* [DATA EXTRACT]
Start of Block

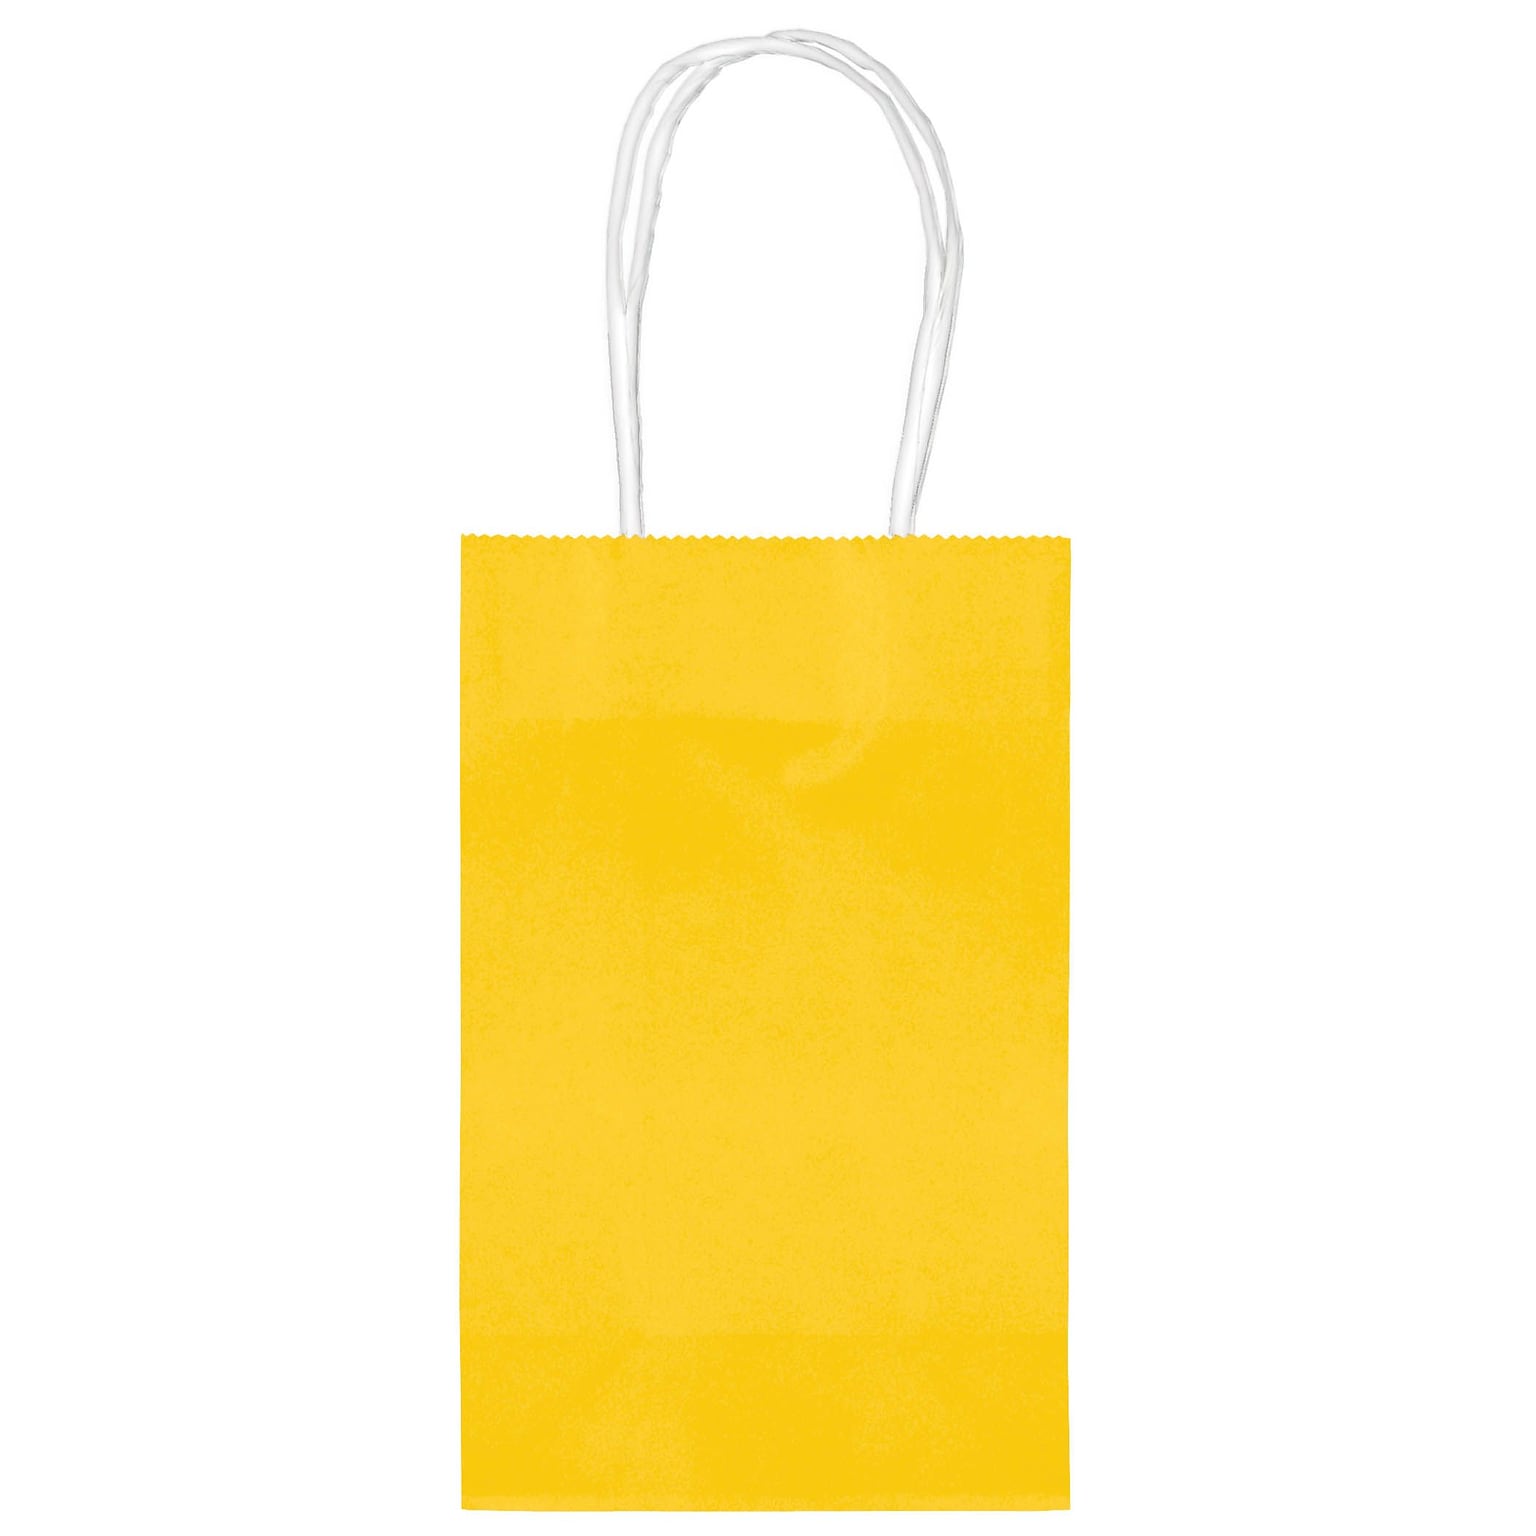 Amscan Cub Bags Value Pack, 4/Pack, Sunshine Yellow (162500.09)
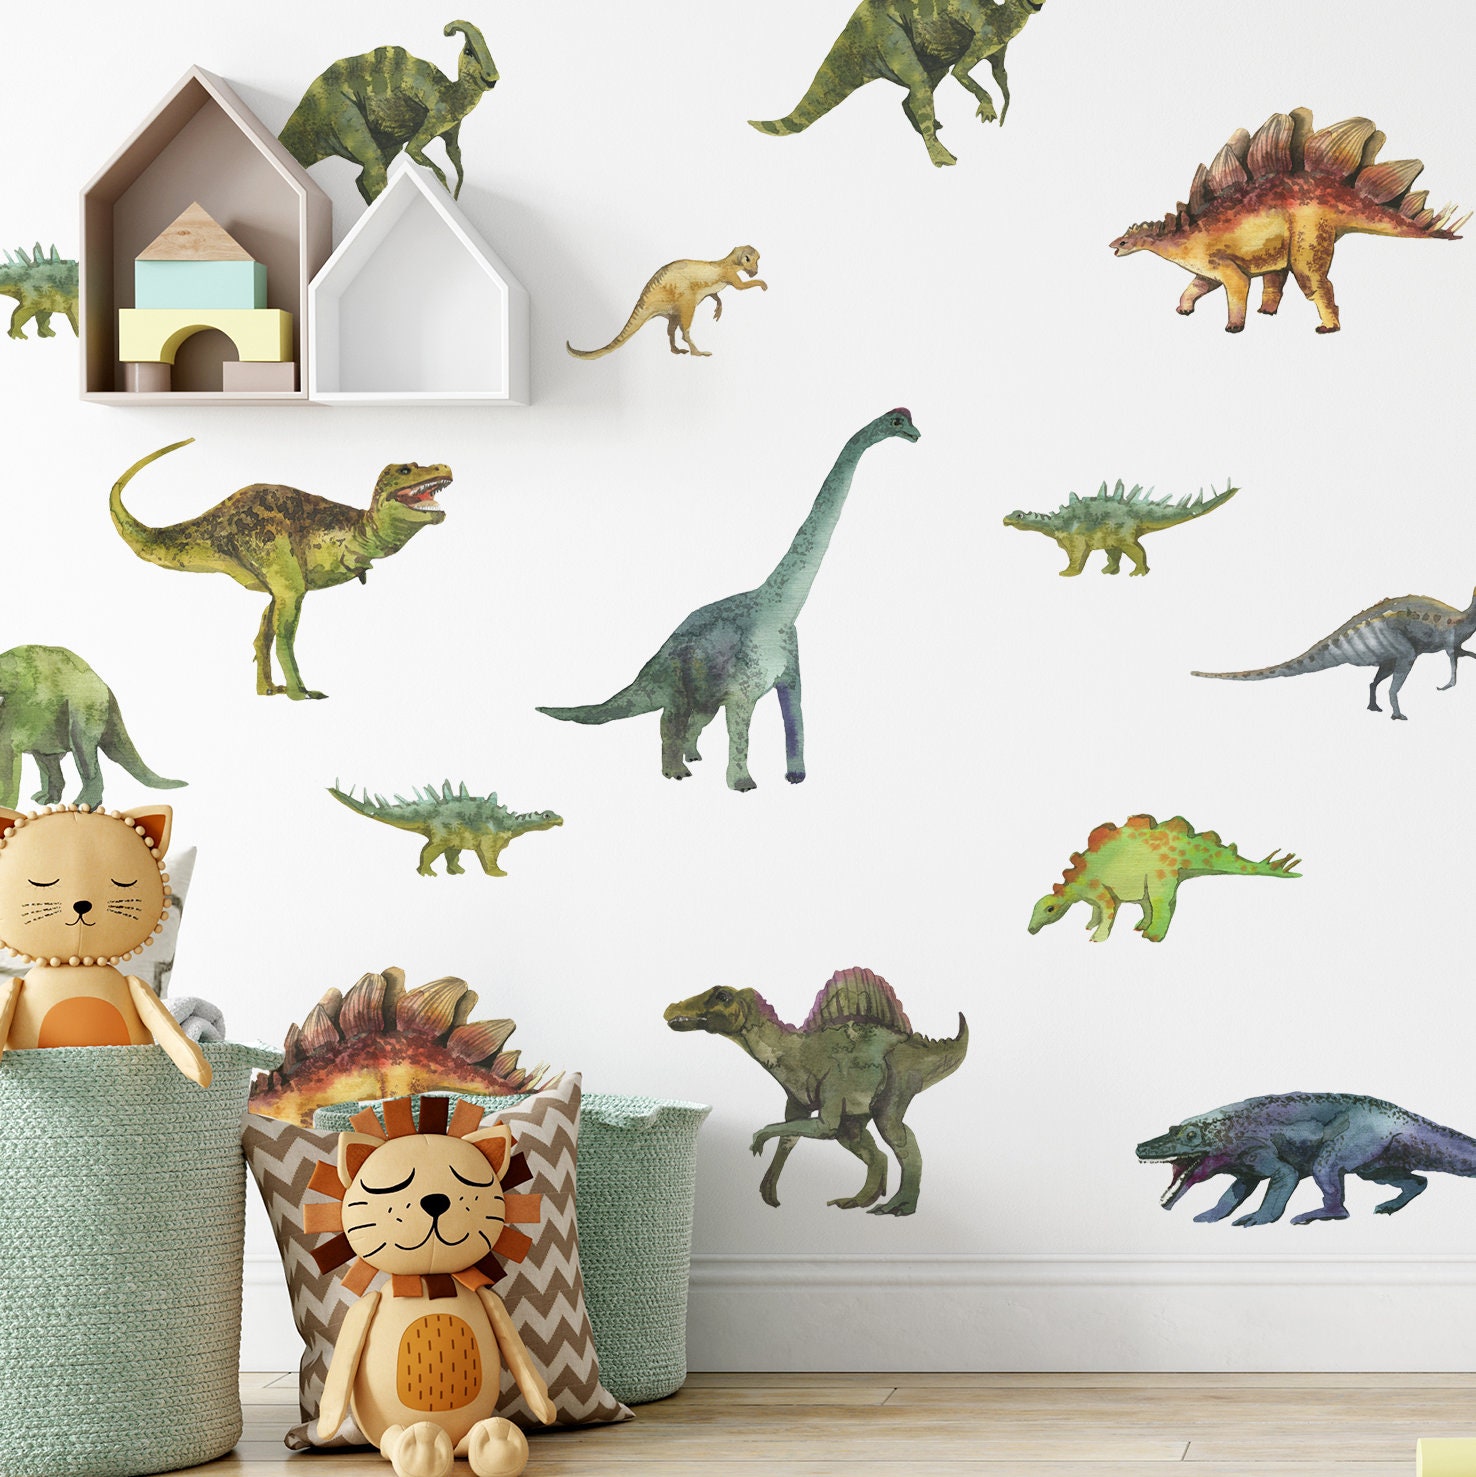 T-Rex Dinosaur Jumping out of wall. 3D Graphic Wall Decal Sticker. Pee –  StickerBrand
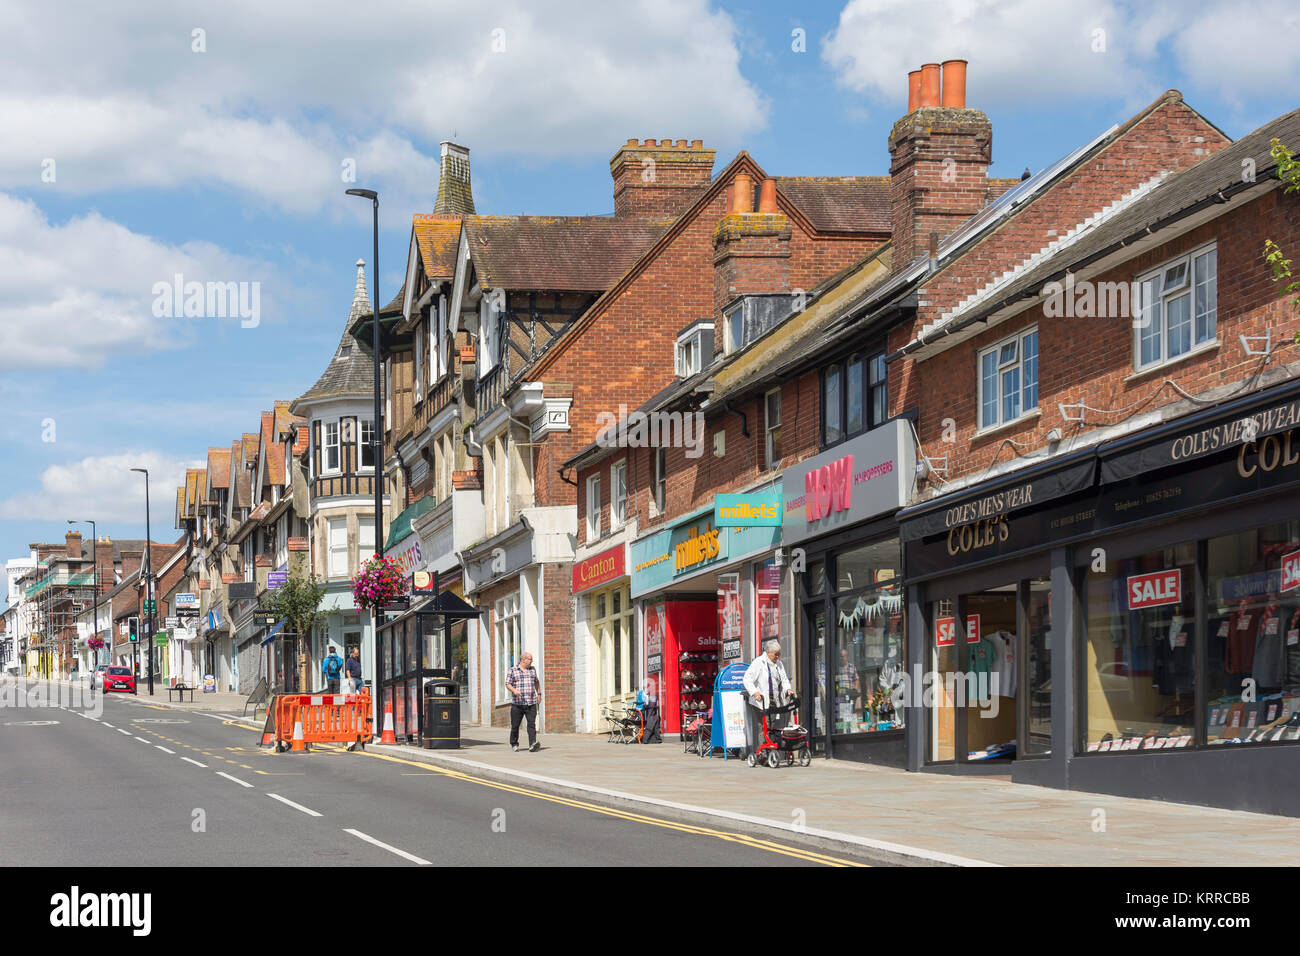 High Street, Uckfield, East Sussex, England, Regno Unito Foto Stock

End of Block

* [WORK TO BE COMPLETED] Omit the pictures and write out exactly the lines from the one containing "T-Rex Dinosaur Jumping" through the last line of the material.

* [WRITTEN RESPONSE]
 T-Rex Dinosaur Jumping out of wall. 3D Graphic Wall Decal Sticker. Pee –  StickerBrand
 High Street, Uckfield, East Sussex, England, Regno Unito Foto Stock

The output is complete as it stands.